REWIND: Speech Time Reversal for Enhancing Speaker Representations in Diffusion-based Voice Conversion
Ishan D. Biyani, Nirmesh J. Shah, Ashishkumar P. Gudmalwar, Pankaj Wasnik, Rajiv R. Shah
TL;DR
This work tackles speaker-identity disentanglement in diffusion-based voice conversion under limited target data by exploiting full-utterance speech time reversal (STR) as a data-augmentation strategy. The authors fuse conventional speaker embeddings with STR-derived embeddings using a weighted scheme within a diffusion-based VC framework (DDDM-VC), leveraging self-supervised content, pitch, and speaker representations. Perceptual studies show STR preserves speaker identity despite intelligibility loss, and experiments on LibriTTS and VCTK demonstrate notable gains in speaker similarity while maintaining high speech quality, outperforming several SOTA baselines. An ablation confirms equal weighting of the two embeddings and the value of cross-attention for further improvements.
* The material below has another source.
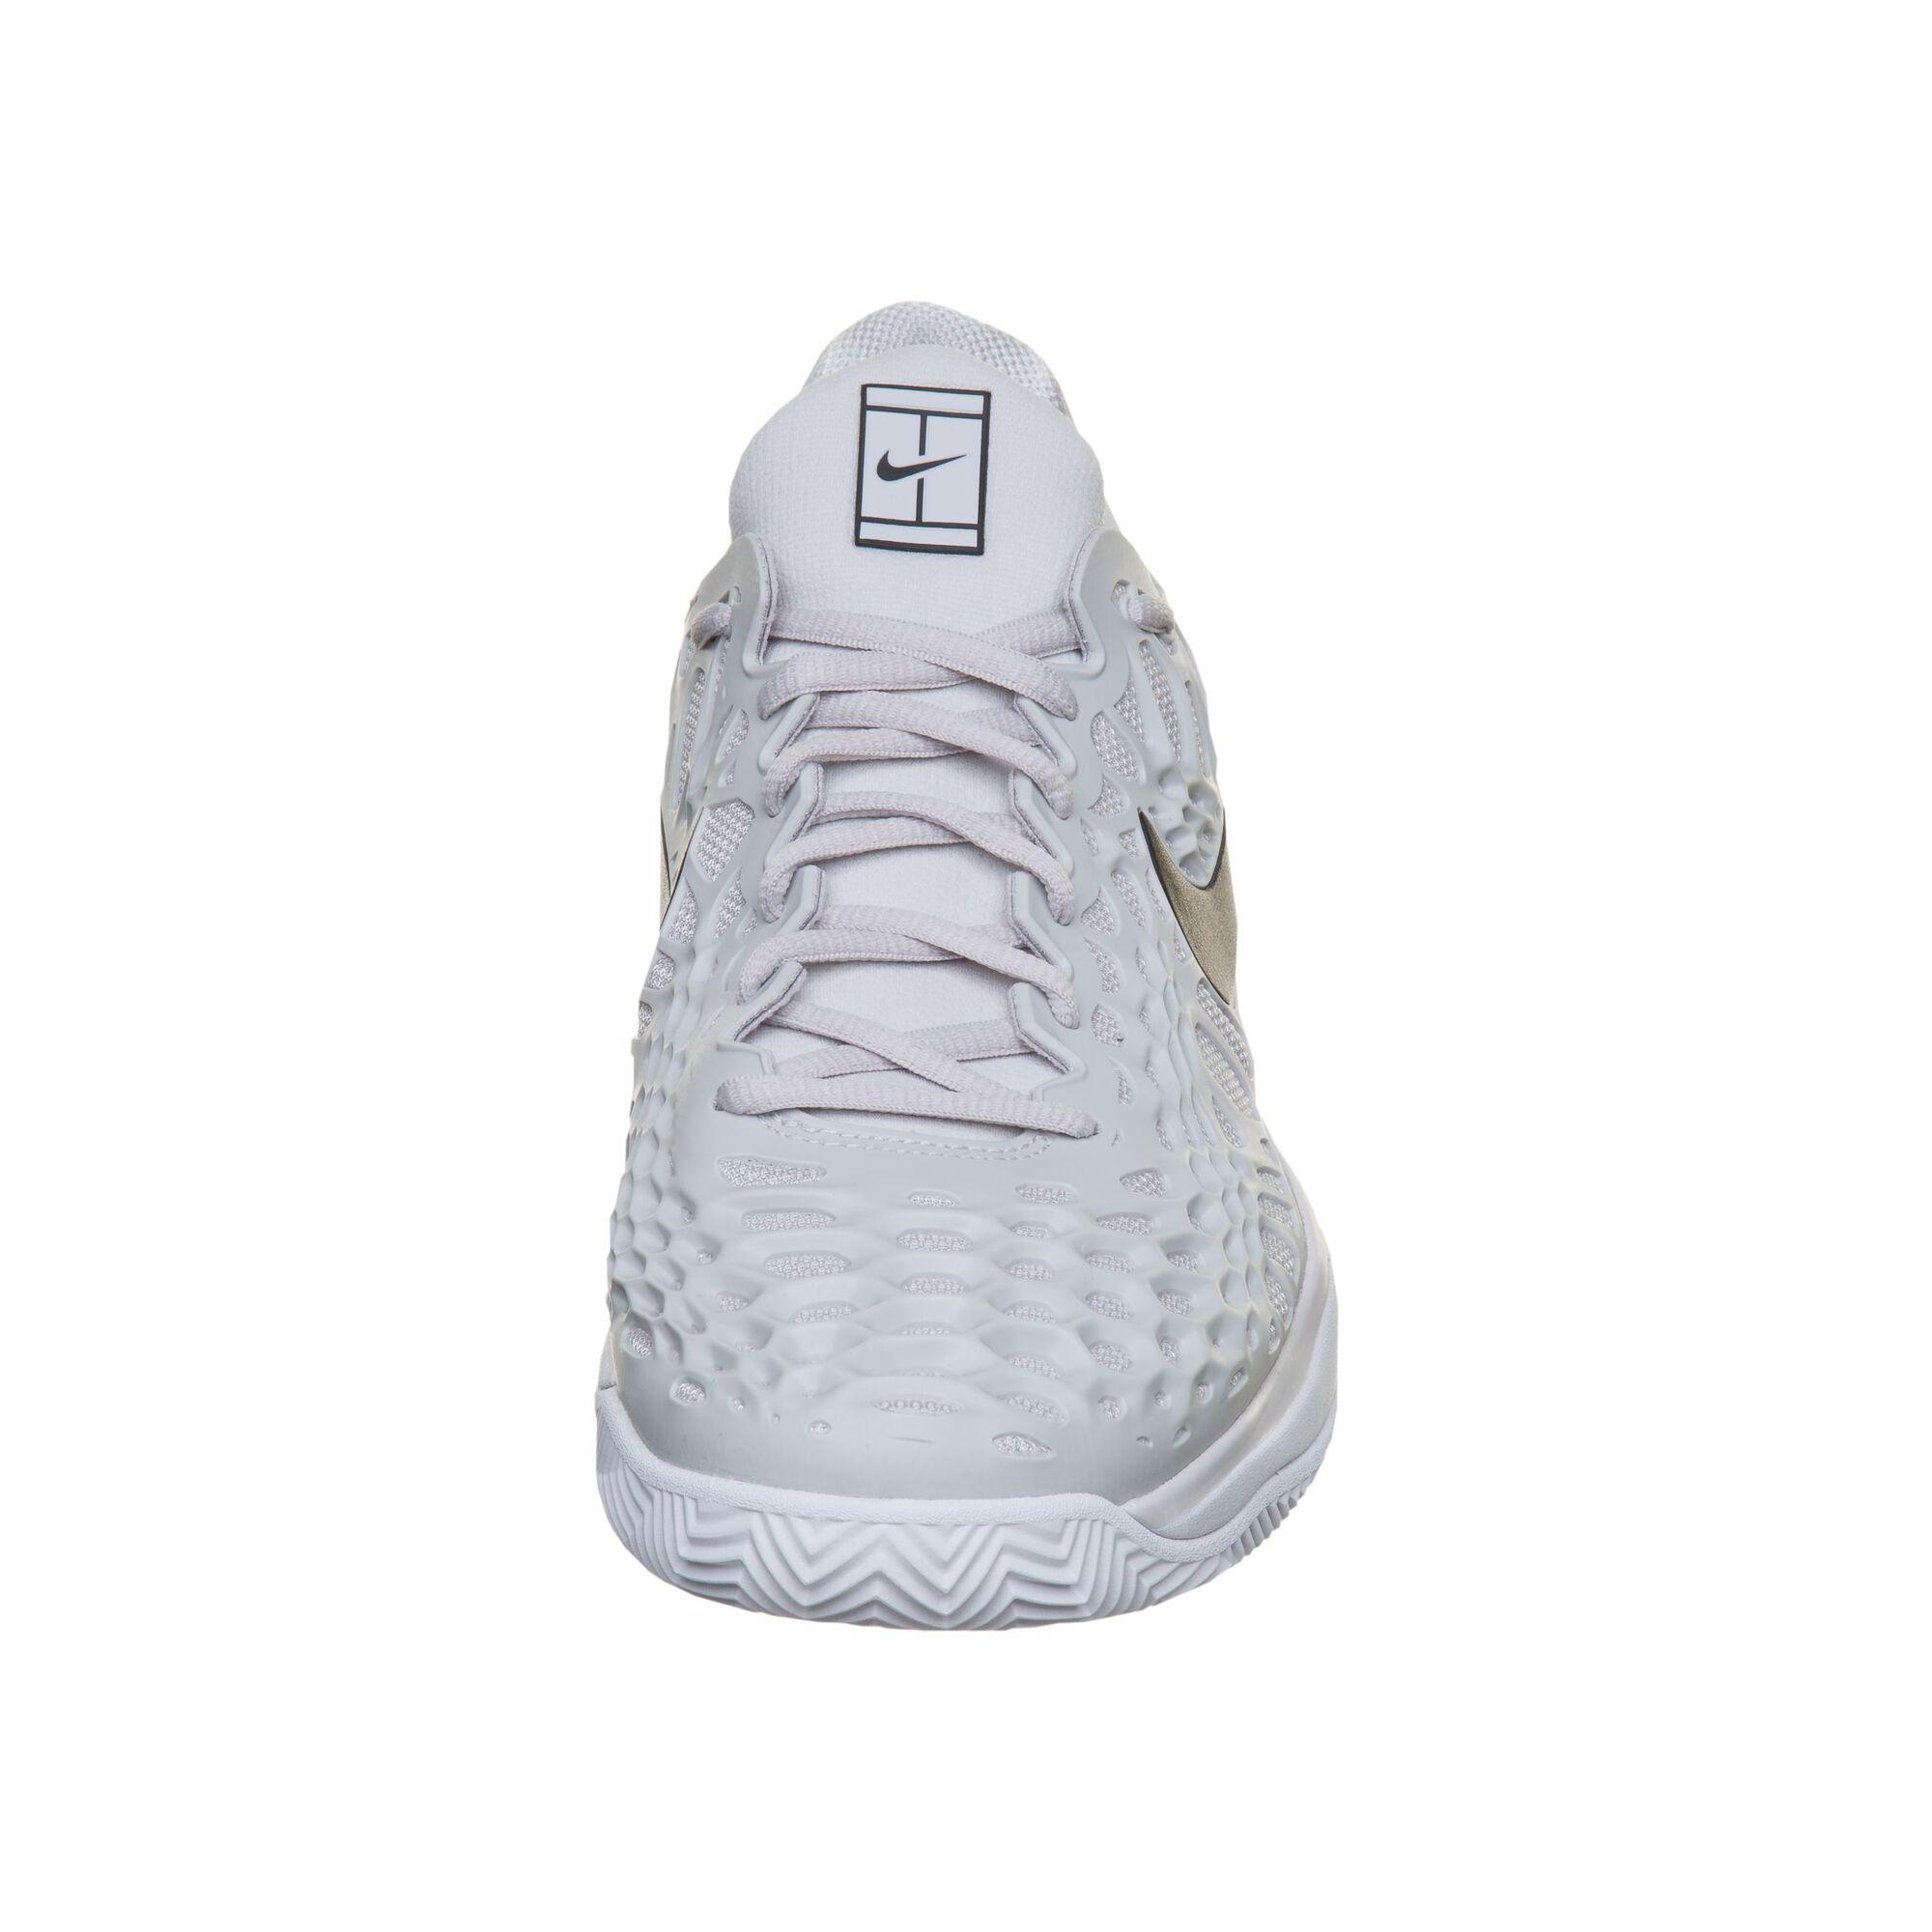 best website d5367 71992 ... Nike · Nike · Nike · Nike. Air Zoom Cage ...

This approach offers a data-efficient pathway to enhance zero-shot VC and invites exploration of unconventional transforms in speech representation learning.
Abstract
Speech time reversal refers to the process of reversing the entire speech signal in time, causing it to play backward. Such signals are completely unintelligible since the fundamental structures of phonemes and syllables are destroyed. However, they still retain tonal patterns that enable perceptual speaker identification despite losing linguistic content. In this paper, we propose leveraging speaker representations learned from time reversed speech as an augmentation strategy to enhance speaker representation. Notably, speaker and language disentanglement in voice conversion (VC) is essential to accurately preserve a speaker's unique vocal traits while minimizing interference from linguistic content. The effectiveness of the proposed approach is evaluated in the context of state-of-the-art diffusion-based VC models. Experimental results indicate that the proposed approach significantly improves speaker similarity-related scores while maintaining high speech quality.